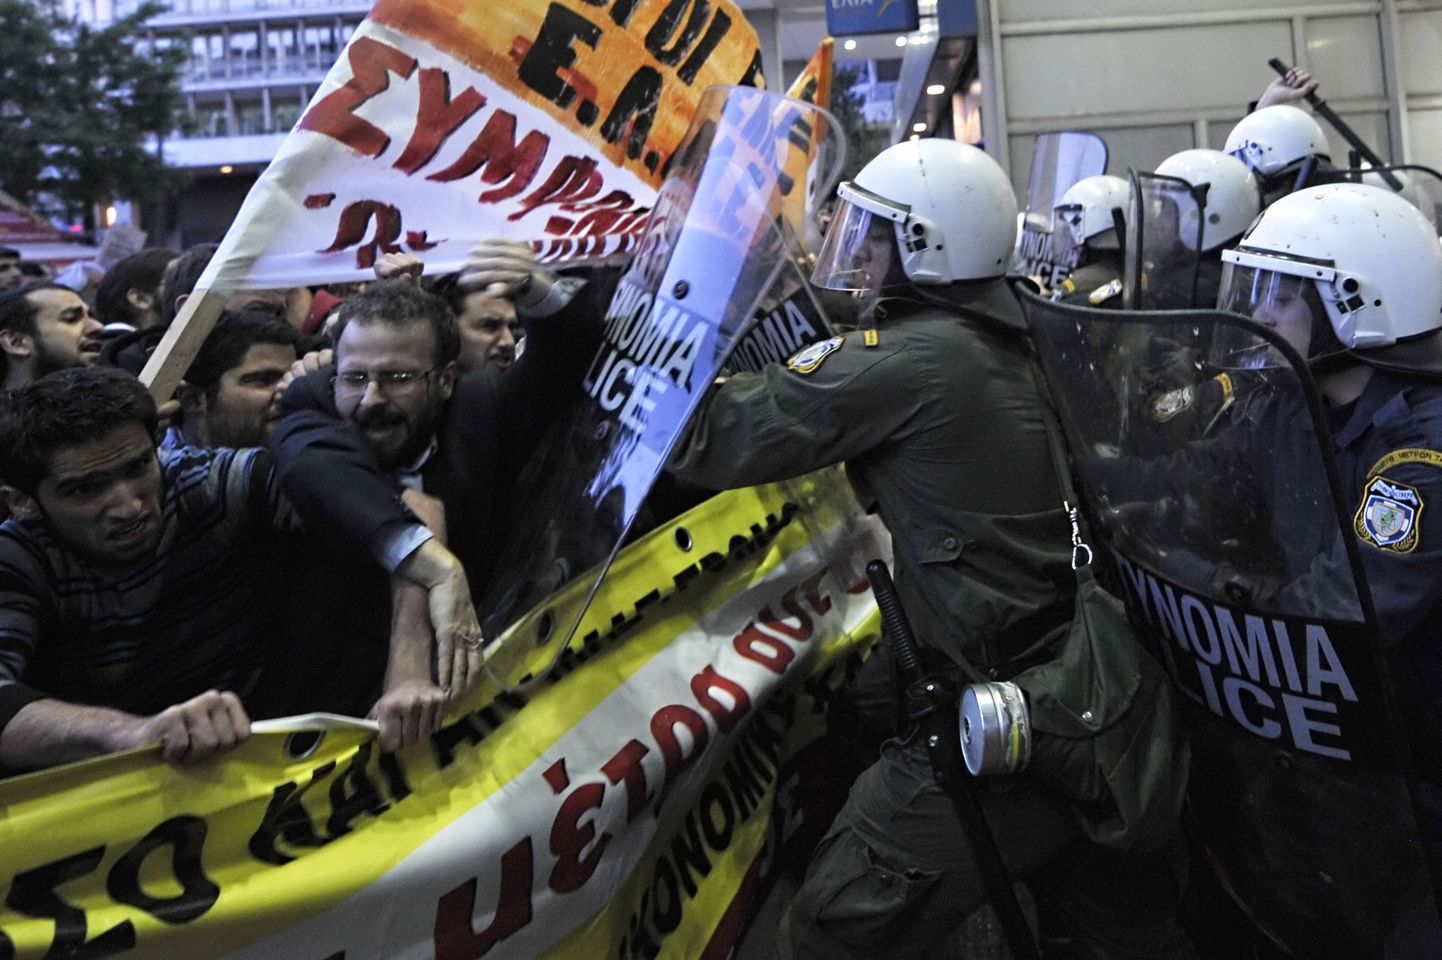 Kreekas on meeleavaldused muutunud igapäevaseks.
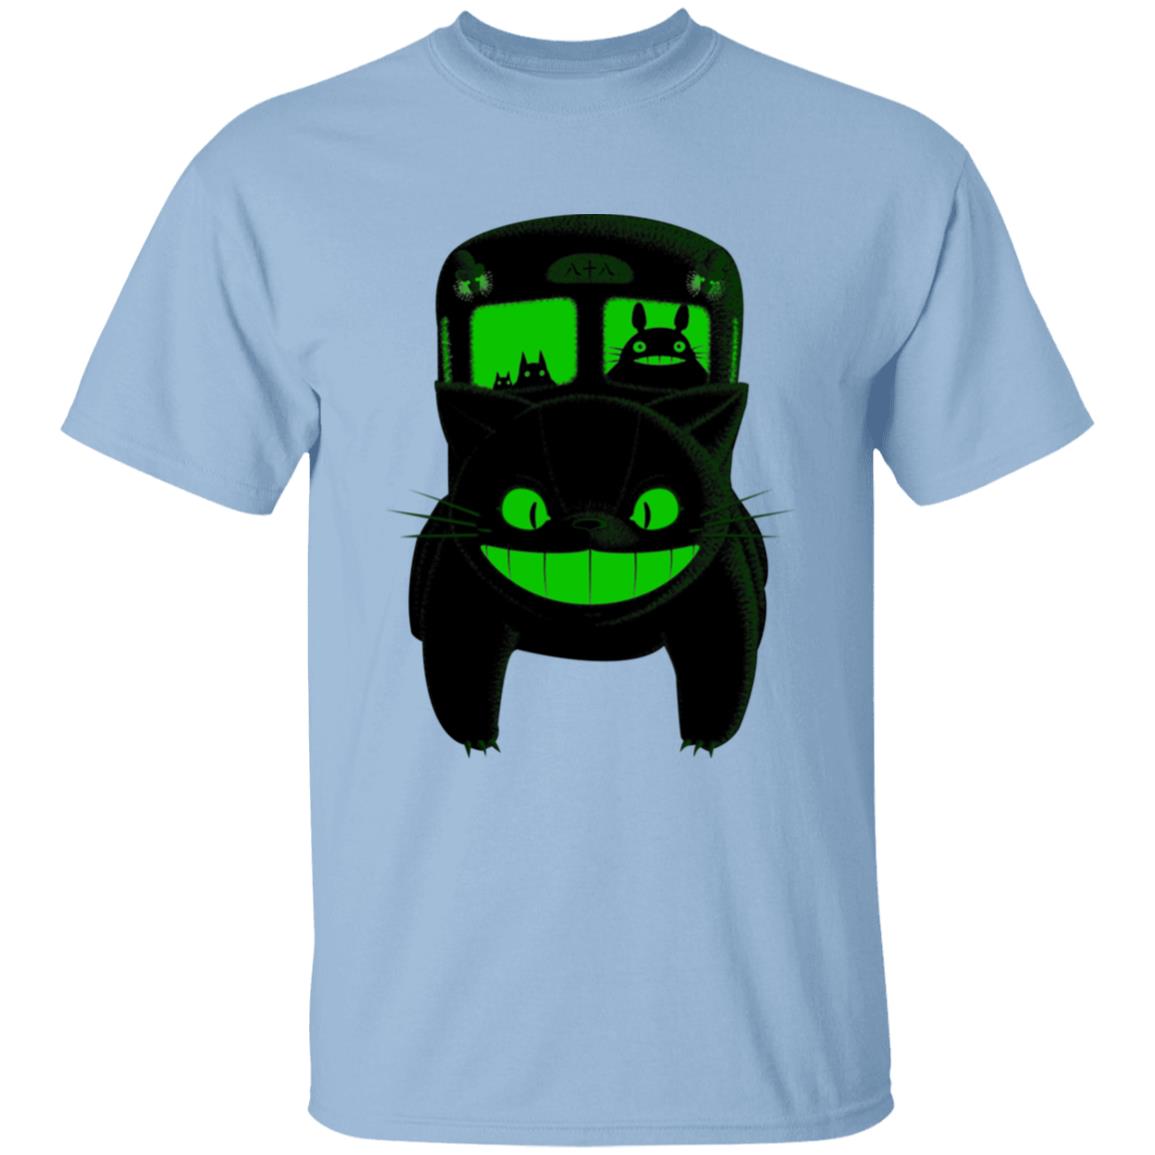 My Neighbor Totoro – Neon Catbus T Shirt
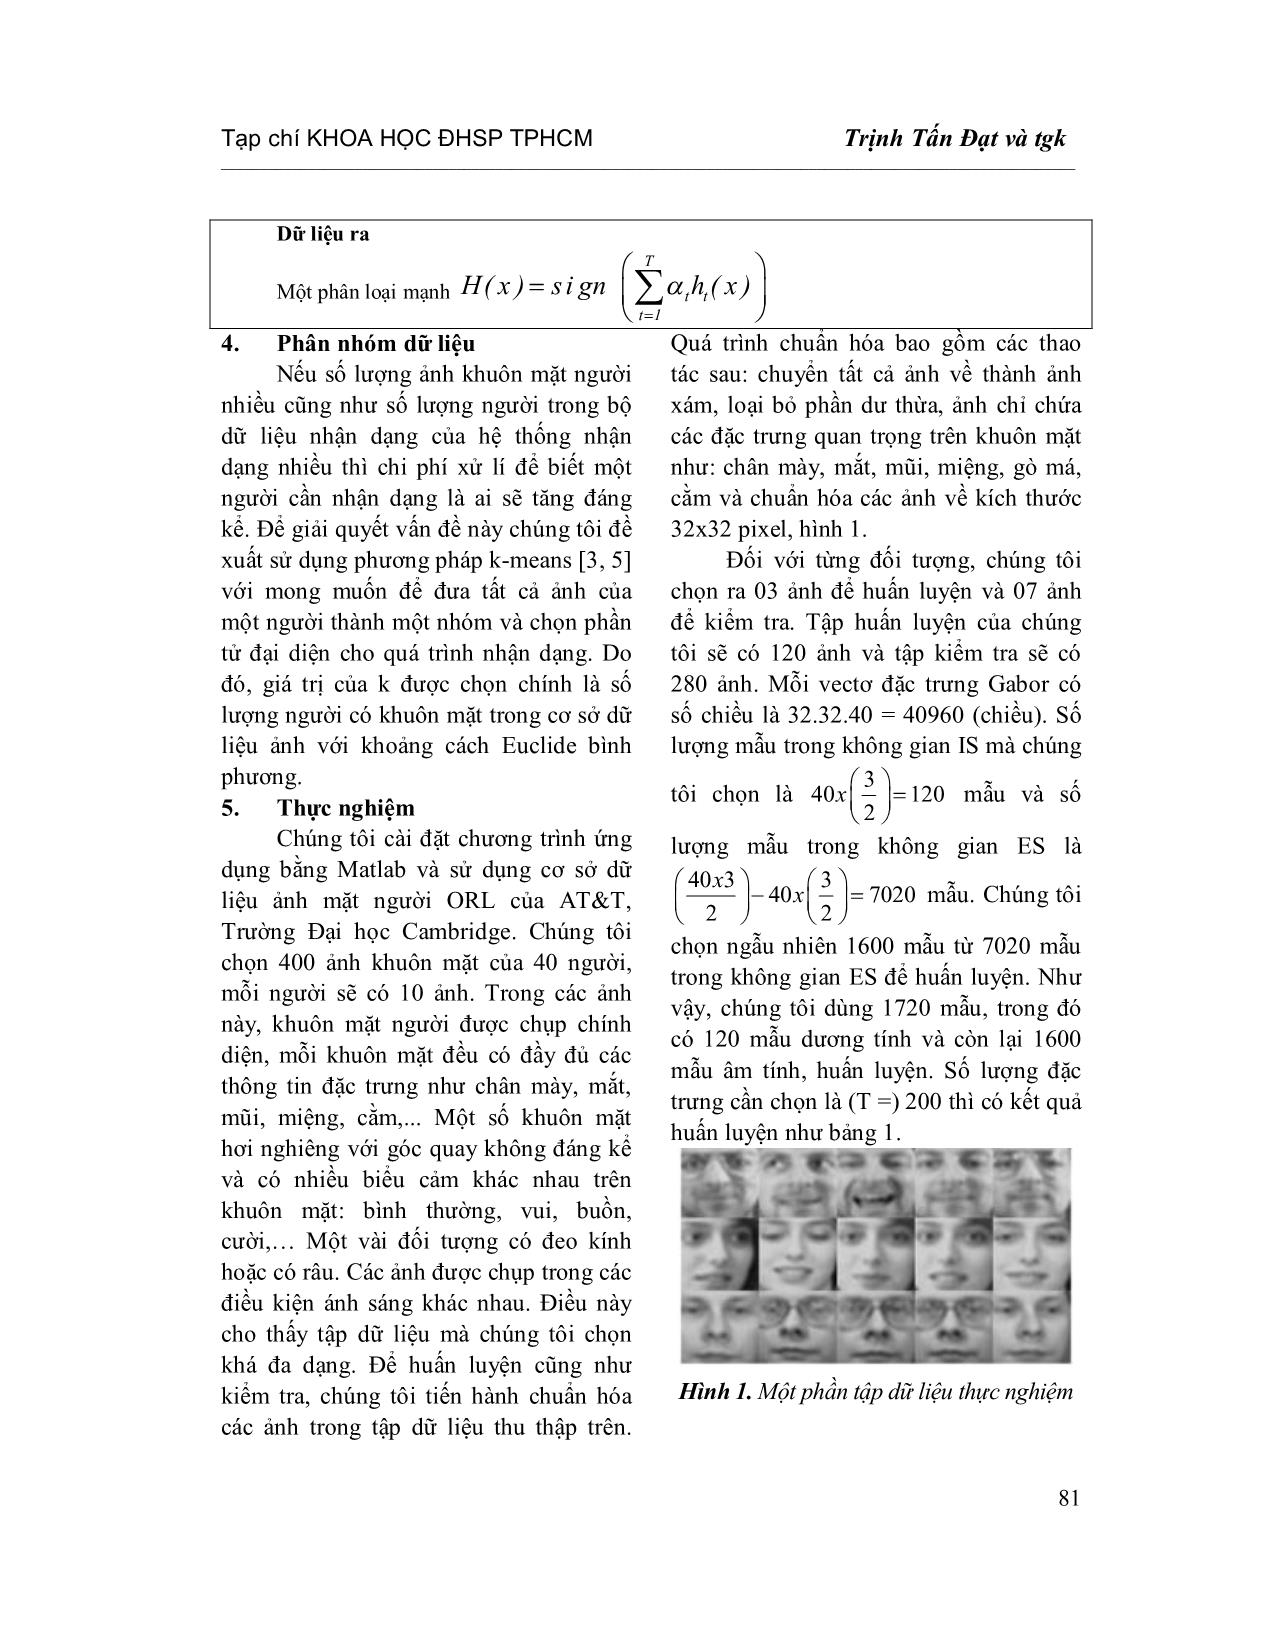 Dùng đặc trưng Gabor kết hợp Adaboost và k-Means trong bài toán nhận dạng mặt người trang 5

Work instruction
Set down each line of the material exactly and skip every image.

Output of the exercise
 Kreekas on meeleavaldused muutunud igapäevaseks.
 My Neighbor Totoro – Neon Catbus T Shirt
 Dùng đặc trưng Gabor kết hợp Adaboost và k-Means trong bài toán nhận dạng mặt người trang 5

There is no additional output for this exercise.